O Tempo - 04/12/2017 - [gif]


Autor: Letícia Fontes
Assunto: Fake News

Disseminação de notícias falsas na internet avança, e especialistas se preocupam com impacto eleitoral

A menos de um ano das próximas eleições presidenciais, os brasileiros parecem ser um dos mais apreensivos com a disseminação das chamadas “fake news” (notícias falsas) na internet. Segundo uma pesquisa da rede BBC realizada em 18 países, oito em cada dez pessoas se mostraram preocupadas com a credibilidade do conteúdo que consomem nas redes sociais. No entanto, o receio parece não estar impedindo a difusão em larga escala dessas informações. Conforme um estudo da USP, cerca de 12 milhões de pessoas espalham notícias falsas sobre política no Brasil. Considerada a média de 200 seguidores de alcance para cada notícia postada por um difusor, as “fake news” podem atingir toda a população brasileira.

A disseminação de boatos na política não é um fenômeno novo, mas foi intensificada de forma preocupante a partir da combinação de uma sociedade civil extremamente polarizada e do papel crescente das redes sociais como fonte de informação jornalística. Nesse contexto, especialistas em comunicação, direito e áreas ligadas à tecnologia são unânimes ao apontar que as “fake news” podem ser decisivas na próxima disputa presidencial, com potencial de alcance maior que fontes de informações confiáveis.
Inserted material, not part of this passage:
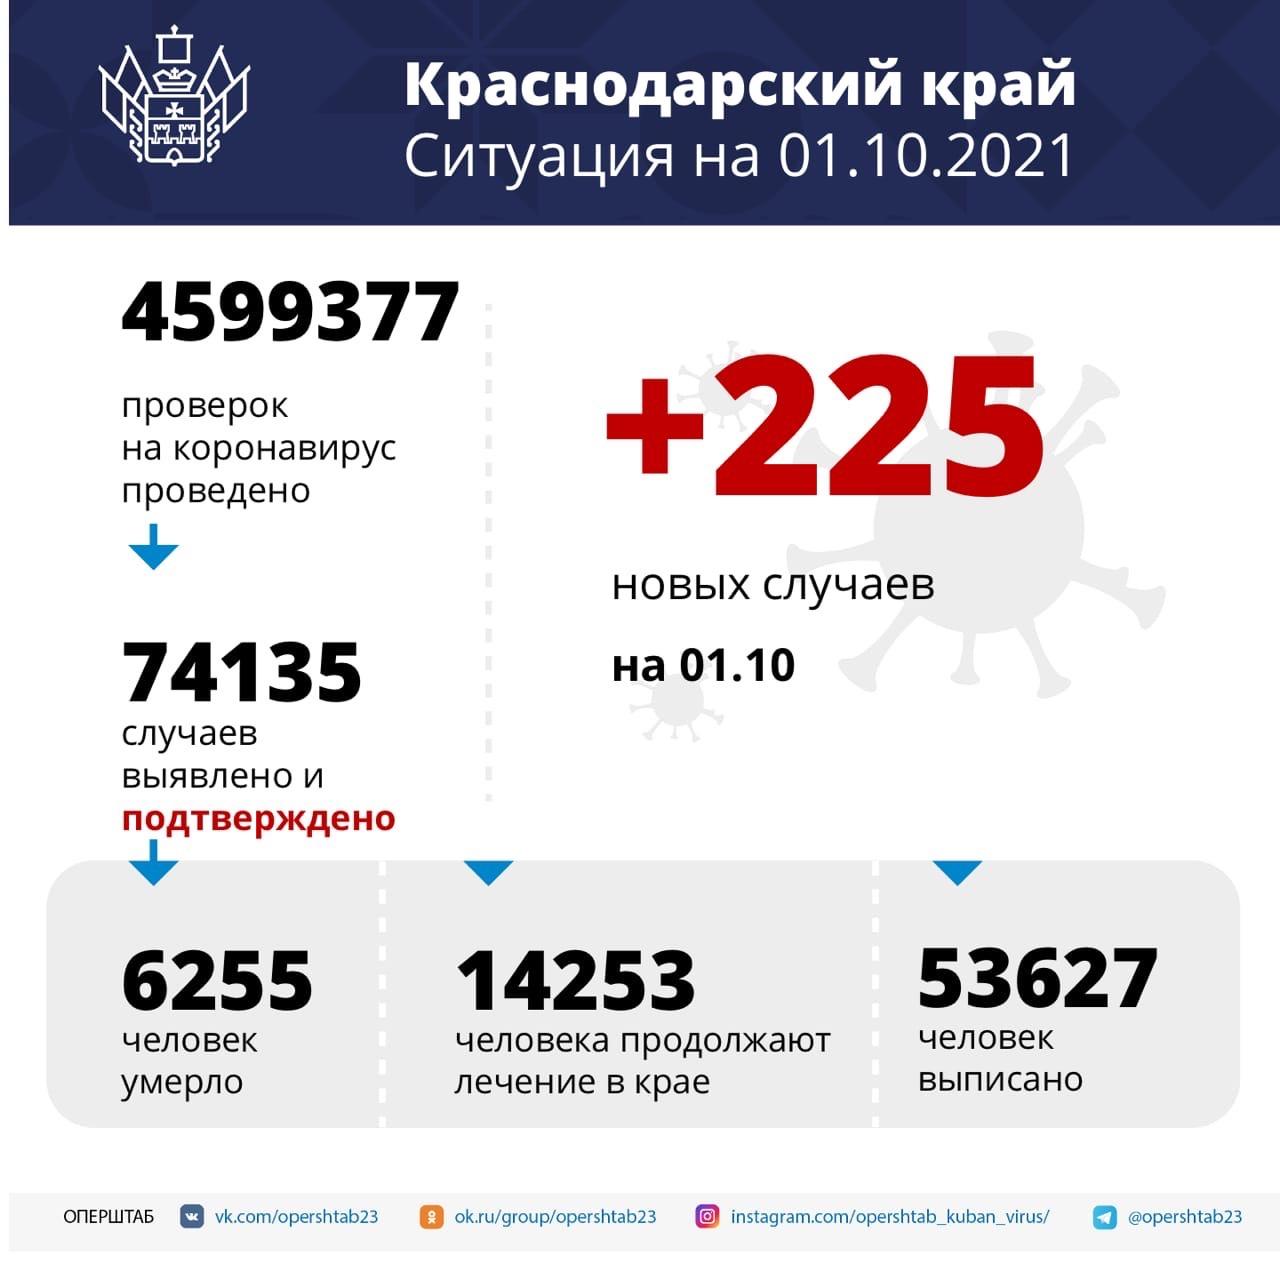 За сутки на Кубани выявили 225 случаев COVID-19Среди...

Para o cientista político Pablo Ortellado, um dos coordenadores do levantamento – realizado no Brasil pelo Grupo de Pesquisa em Políticas Públicas para o Acesso à Informação (Gpopai) da USP, com base no monitoramento de 500 páginas digitais de conteúdo político falso ou distorcido no mês de junho –, o fato é que polarização não está nos deixando pensar. Em seu entendimento, as notícias falsas são compartilhadas porque confirmam posições apaixonadas que o leitor já tem.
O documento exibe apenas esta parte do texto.